В начало
> Публикации
> Биографии
Жан Кокто
Художник Эрик Сати
(...) Эрик Сати был неописуемым человеком. В том смысле, что его невозможно описать. Отец его был уроженцем Онфлера, мать родом из Шотландии. Онфлер наградил его тем же духом, каким проникнуты истории Альфонса Алле: в них скрыта поэзия, и они не имеют ничего общего с глупыми расхожими анекдотами.
От шотландских же предков ему достались невозмутимость и эксцентричность.
Внешне Сати был похож на заурядного чиновника:
бородка, пенсне, котелок и зонтик.
Эгоист, фанатик, он не признавал ничего, кроме своей догмы, и рвал и метал, когда что-нибудь противоречило ей. Эгоистом он был, потому что любил только свою музыку. Жестоким, потому что защищал свою музыку. Фанатиком, потому что вечно шлифовал свою музыку. Но его музыка была хрупкой. А значит, и в нем была хрупкость.

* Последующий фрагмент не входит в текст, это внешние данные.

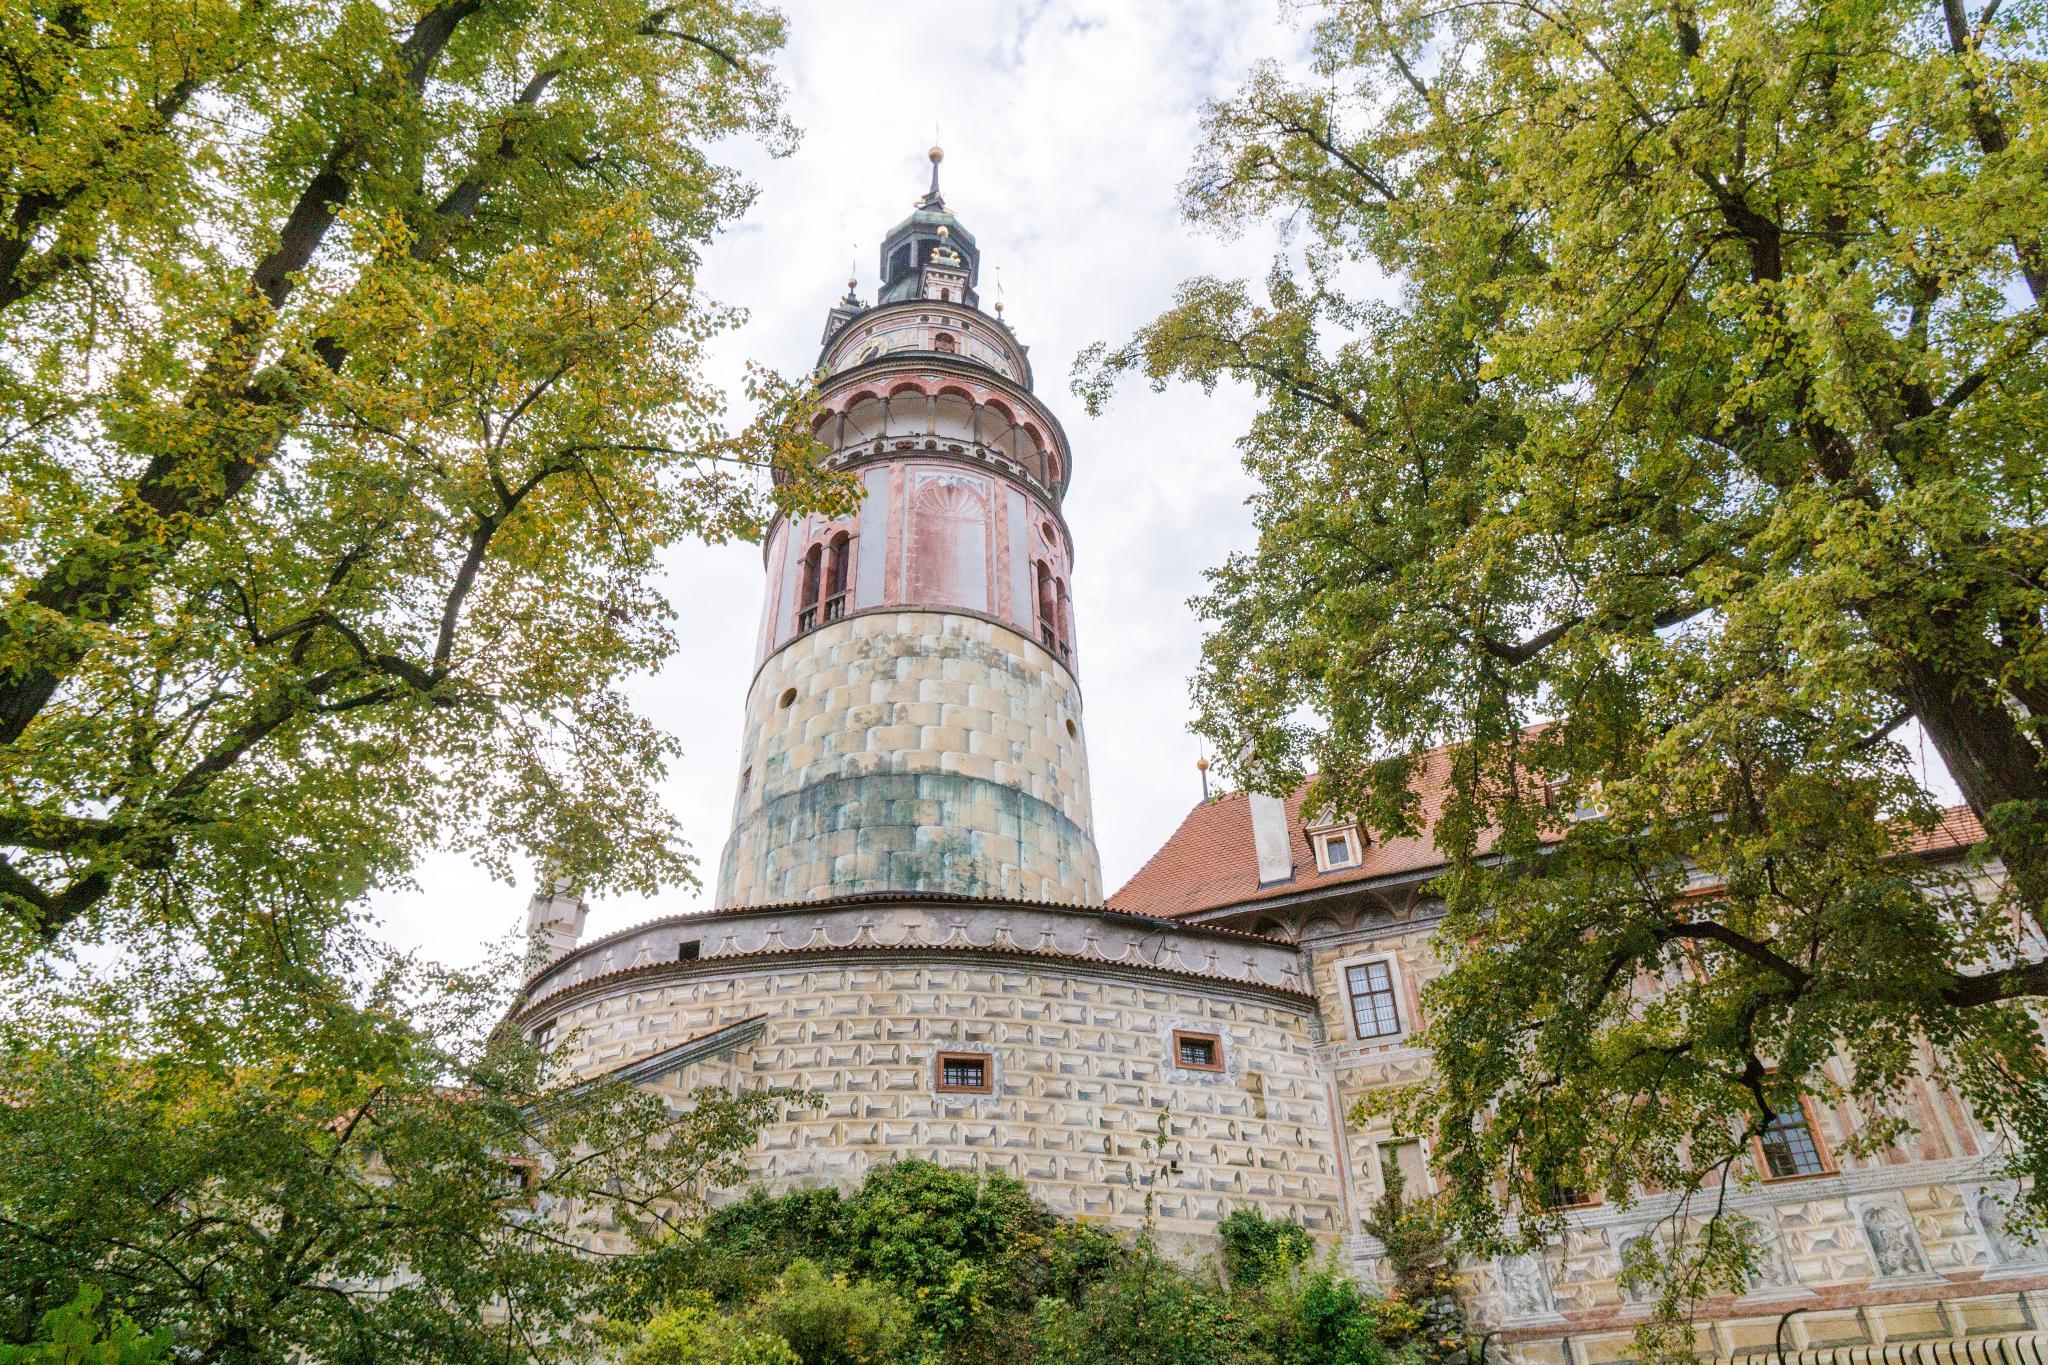 【捷克】穿越時空的波希米亞狂想曲 — Český Krumlov Castle 庫倫諾夫城堡 6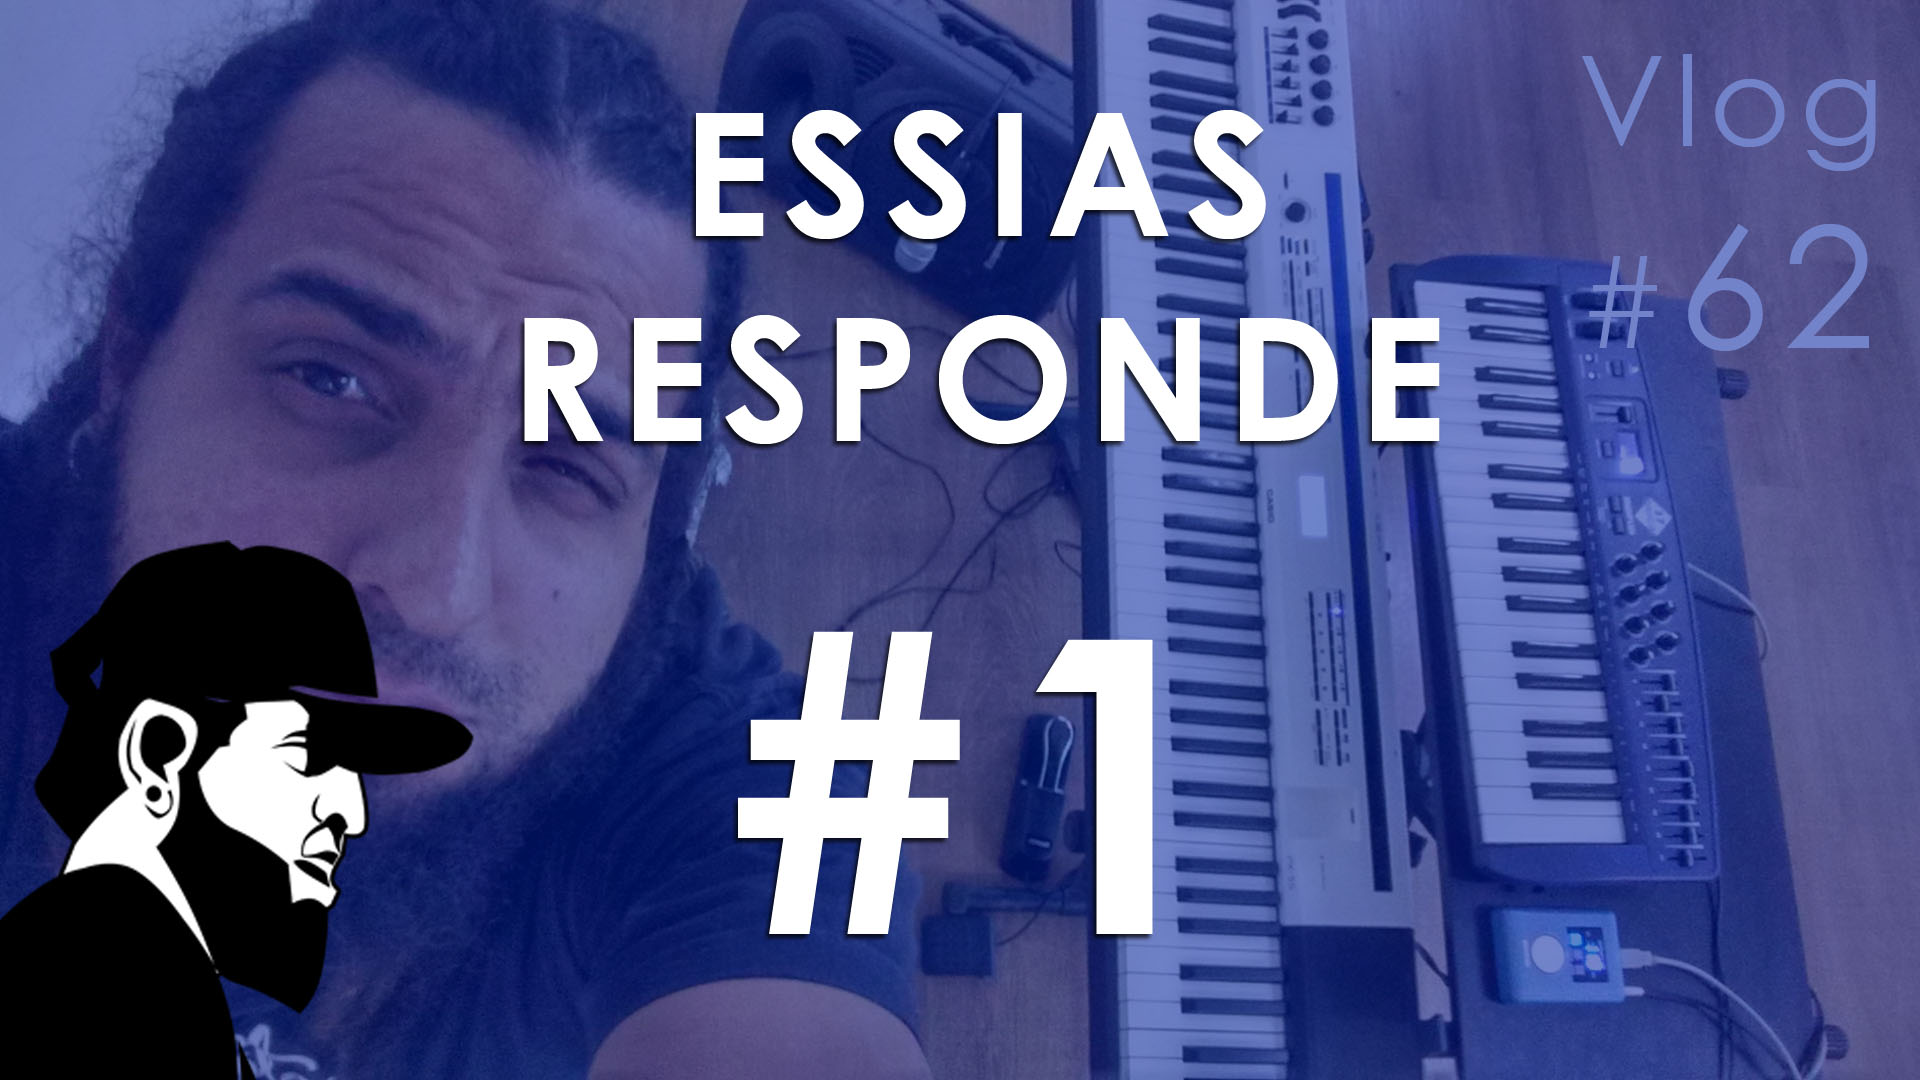 Vlog Essias #62 –  Essias Responde #1

В течение нескольких лет Эрик Сати приходил по утрам на улицу Анжу и усаживался у меня в комнате, не снимая пальто (на котором никогда не было ни пятнышка), перчаток и шляпы, надвинутой до самого пенсне, и сжимая в руке зонтик. Другой рукой он прикрывал рот, кривившийся, когда он говорил или смеялся. Он шел пешком из Аркея. Там у него была маленькая комната, где после его смерти, погребенные под слоем пыли, обнаружились все письма его друзей. Ни одно из них не было распечатано. (...)
В то время, когда все были одурманены музыкальными парами, Сати, признавая гений Дебюсси и боясь поддаться его деспотизму (они были приятелями и всю жизнь ссорились и мирились), отвернулся от его школы, обратился к Schola Cantorum и стал тем чудаковатым Сократом, каким явился нам при первом знакомстве.
Он обломал, отскоблил, обточил себя в этой школе, выковал свое собственное оружие и прорыл узкое русло, по которому устремилась его мощная творческая сила.
А освободившись, он мог над собой смеяться, дразнил Равеля; и, втайне смущаясь, придумывал для своих произведений, которые превосходно исполнял Рикардо Винь-ес, такие причудливые названия, что их одних было бы довольно, чтобы отпугнуть стадо дураков.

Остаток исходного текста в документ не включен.